── Source data

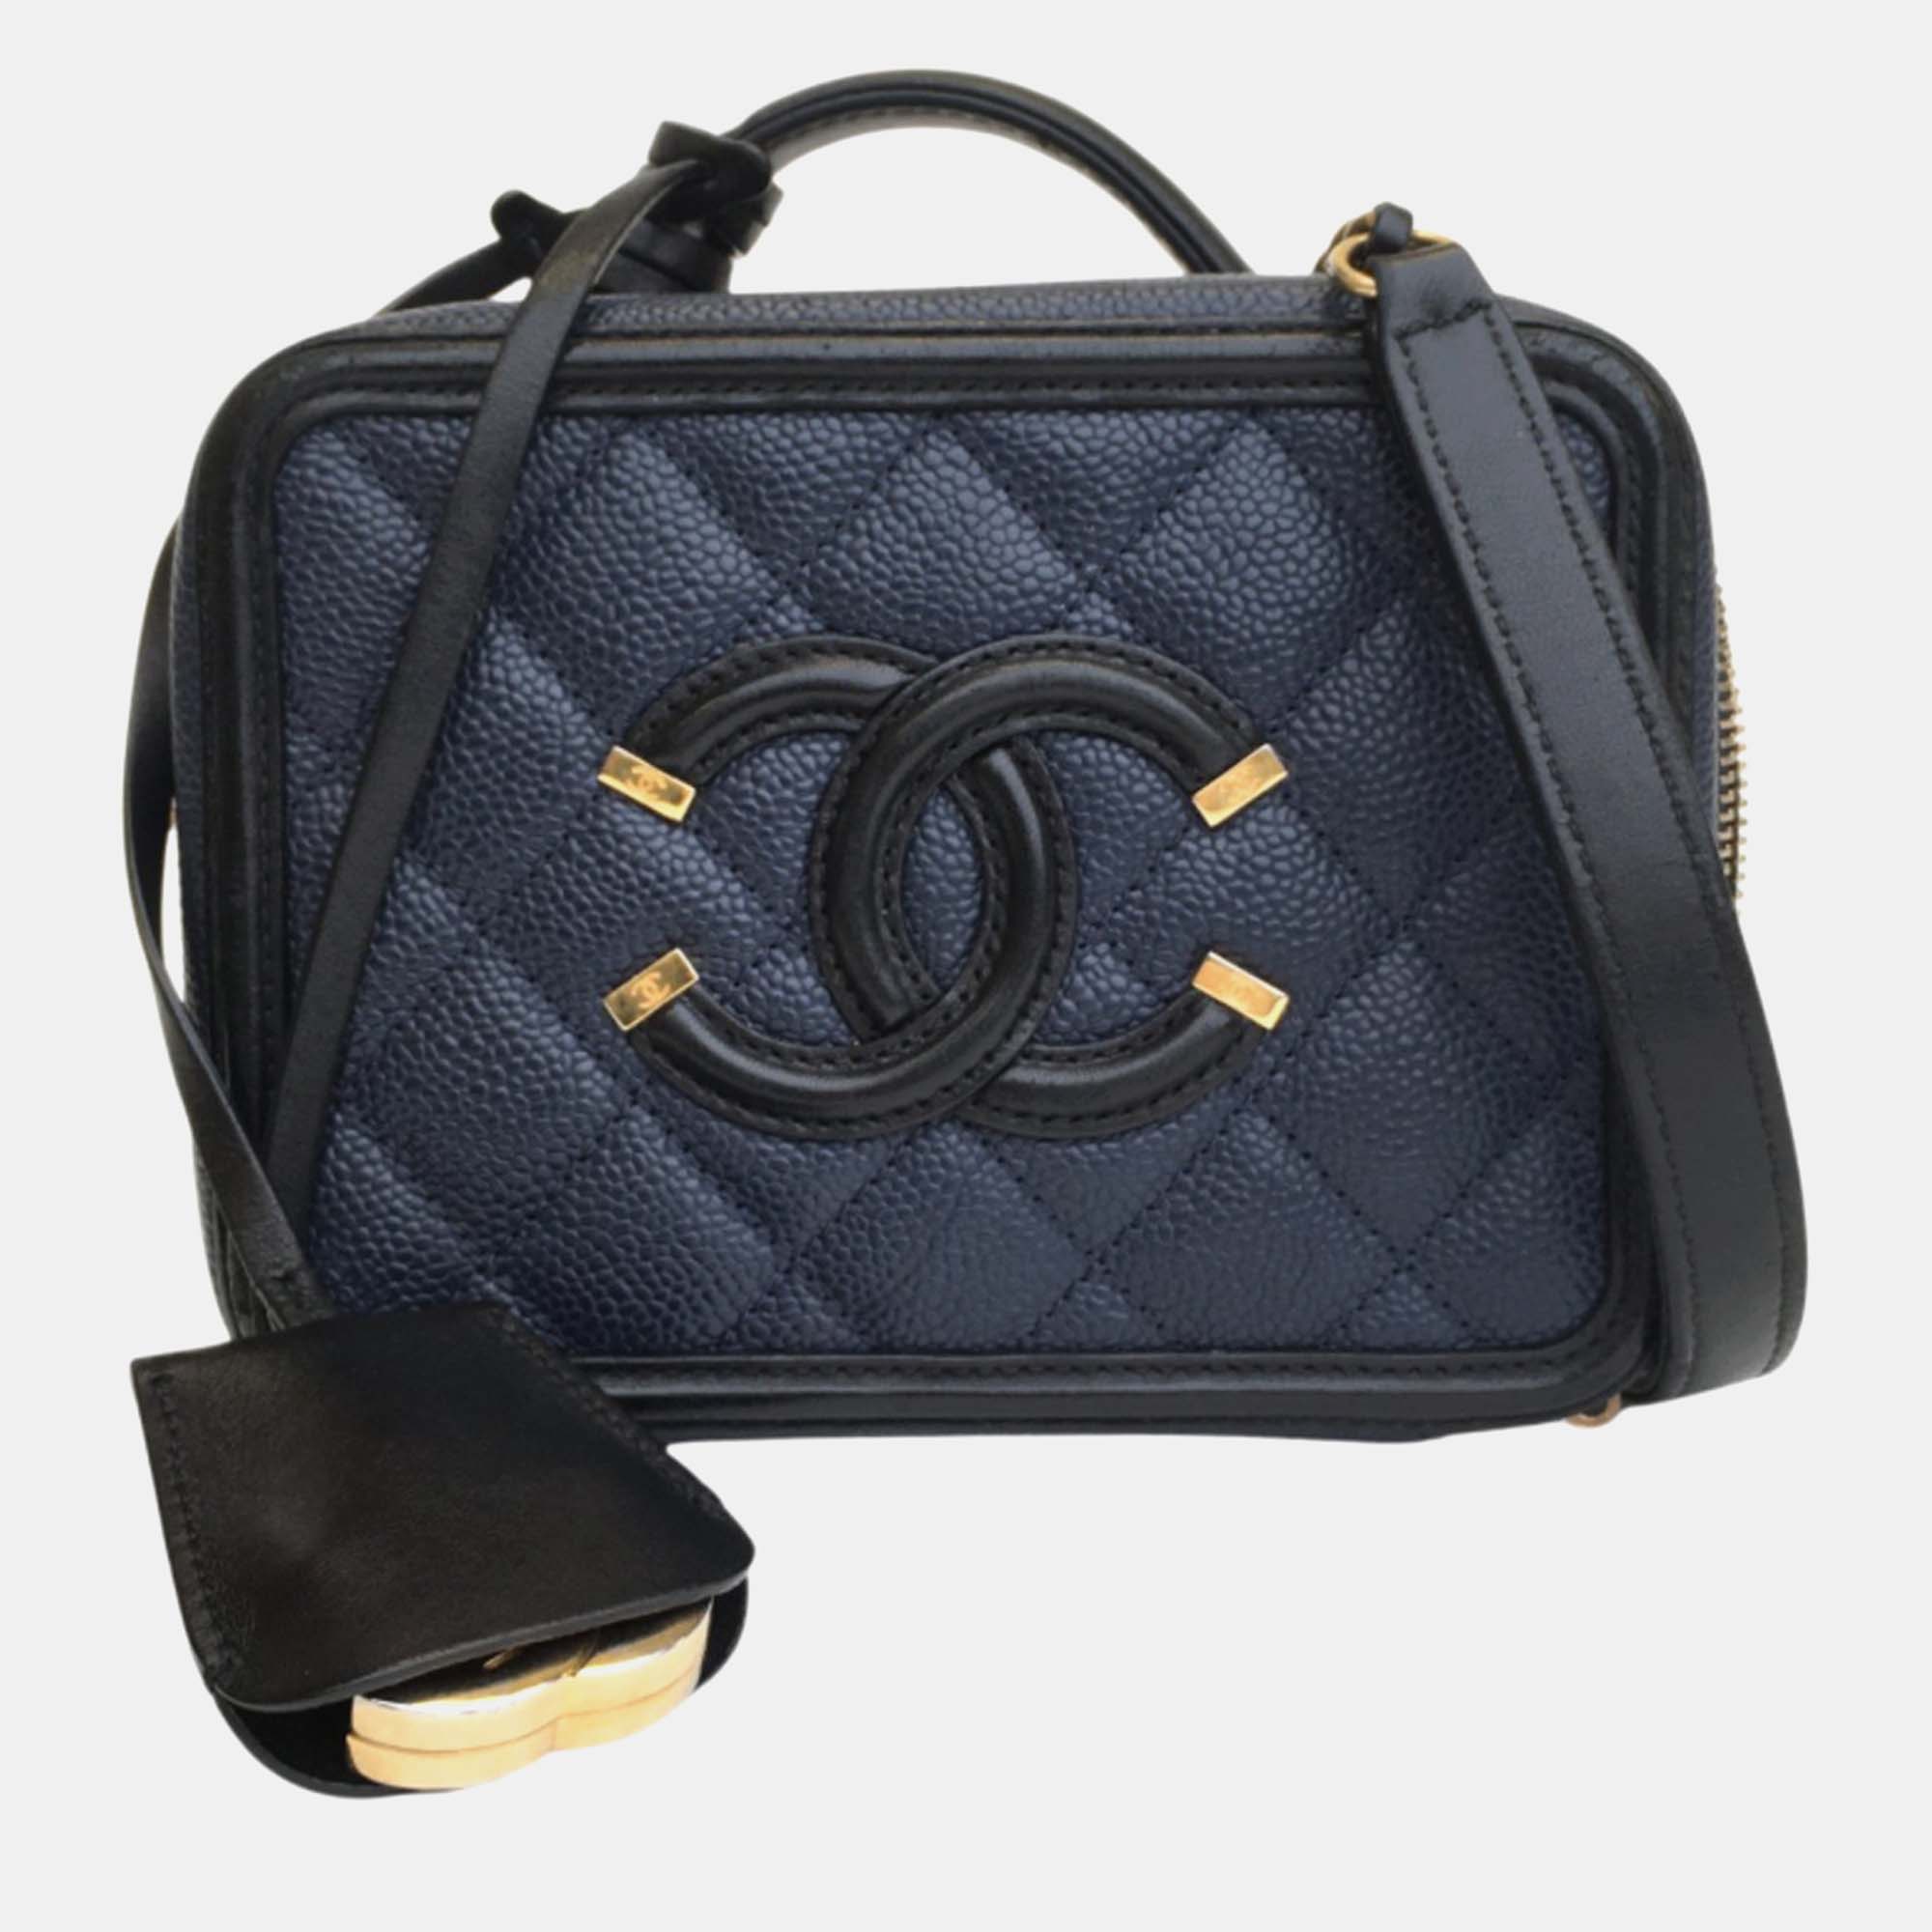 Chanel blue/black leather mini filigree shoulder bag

────
── Source data

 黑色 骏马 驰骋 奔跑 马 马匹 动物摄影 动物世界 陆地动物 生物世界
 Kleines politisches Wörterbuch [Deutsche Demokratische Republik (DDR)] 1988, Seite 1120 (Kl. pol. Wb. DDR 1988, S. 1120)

────
── Source data

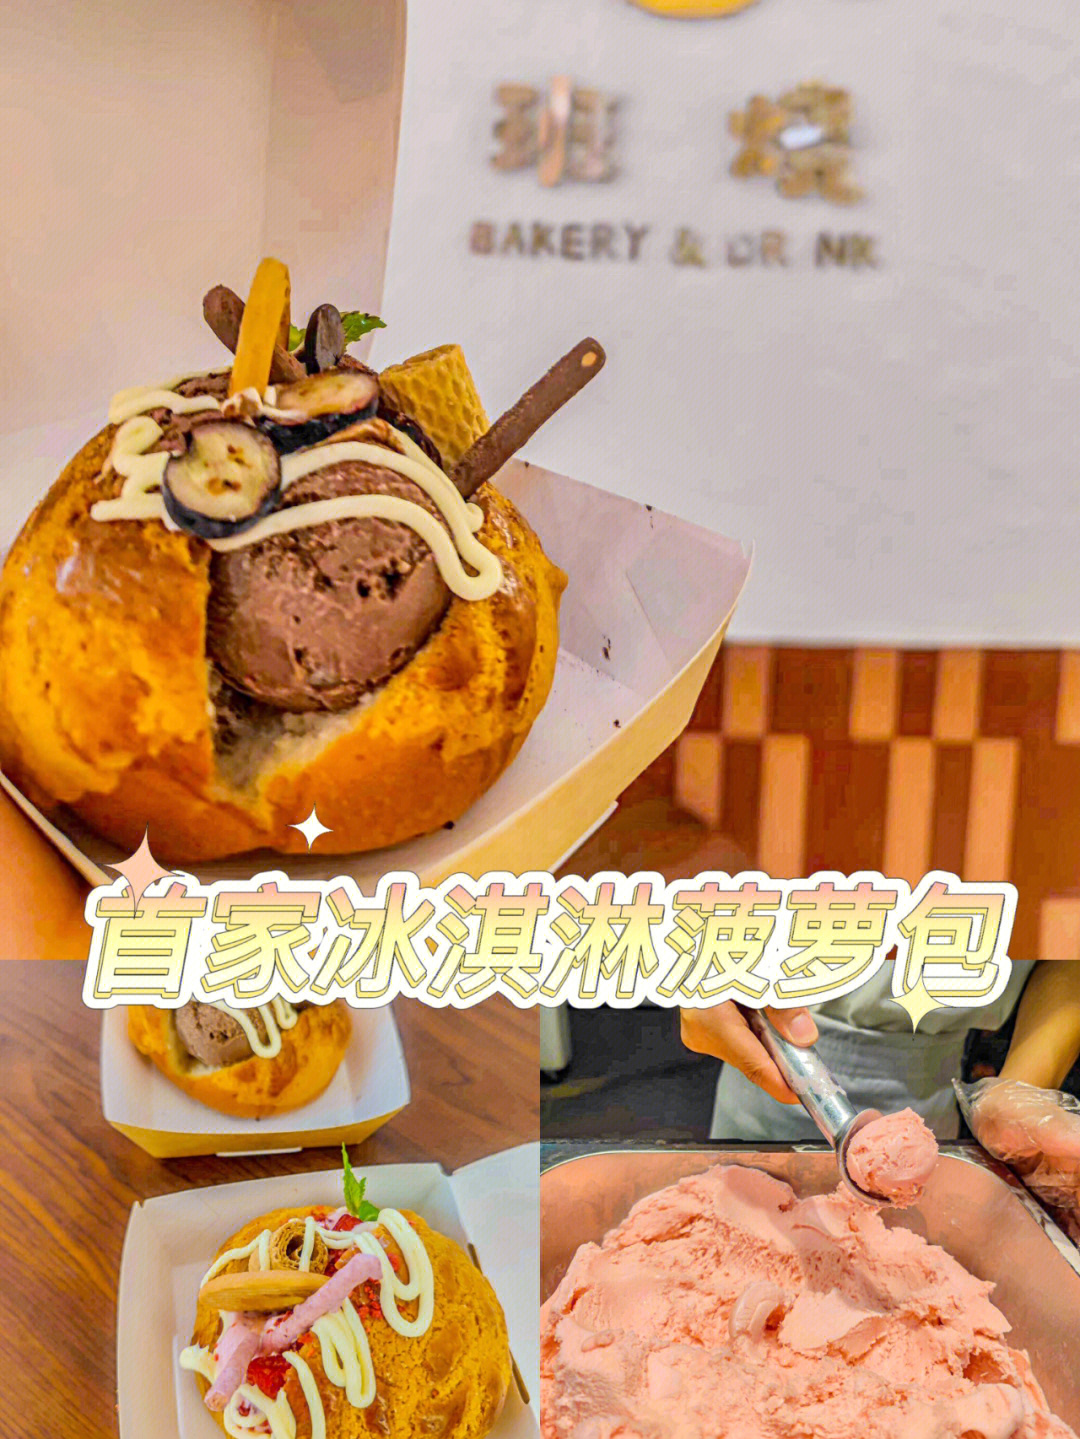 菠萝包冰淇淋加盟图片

────

Task prompt:
Please, from the material above, copy only the lines from the line with "黑色 骏马 驰骋 奔跑 马 马匹 动物摄影 动物世界 陆地动物 生物世界" up to and including the line with "Kleines politisches Wörterbuch", exactly as written.

Output:
 黑色 骏马 驰骋 奔跑 马 马匹 动物摄影 动物世界 陆地动物 生物世界
 Kleines politisches Wörterbuch [Deutsche Demokratische Republik (DDR)] 1988, Seite 1120 (Kl. pol. Wb. DDR 1988, S. 1120)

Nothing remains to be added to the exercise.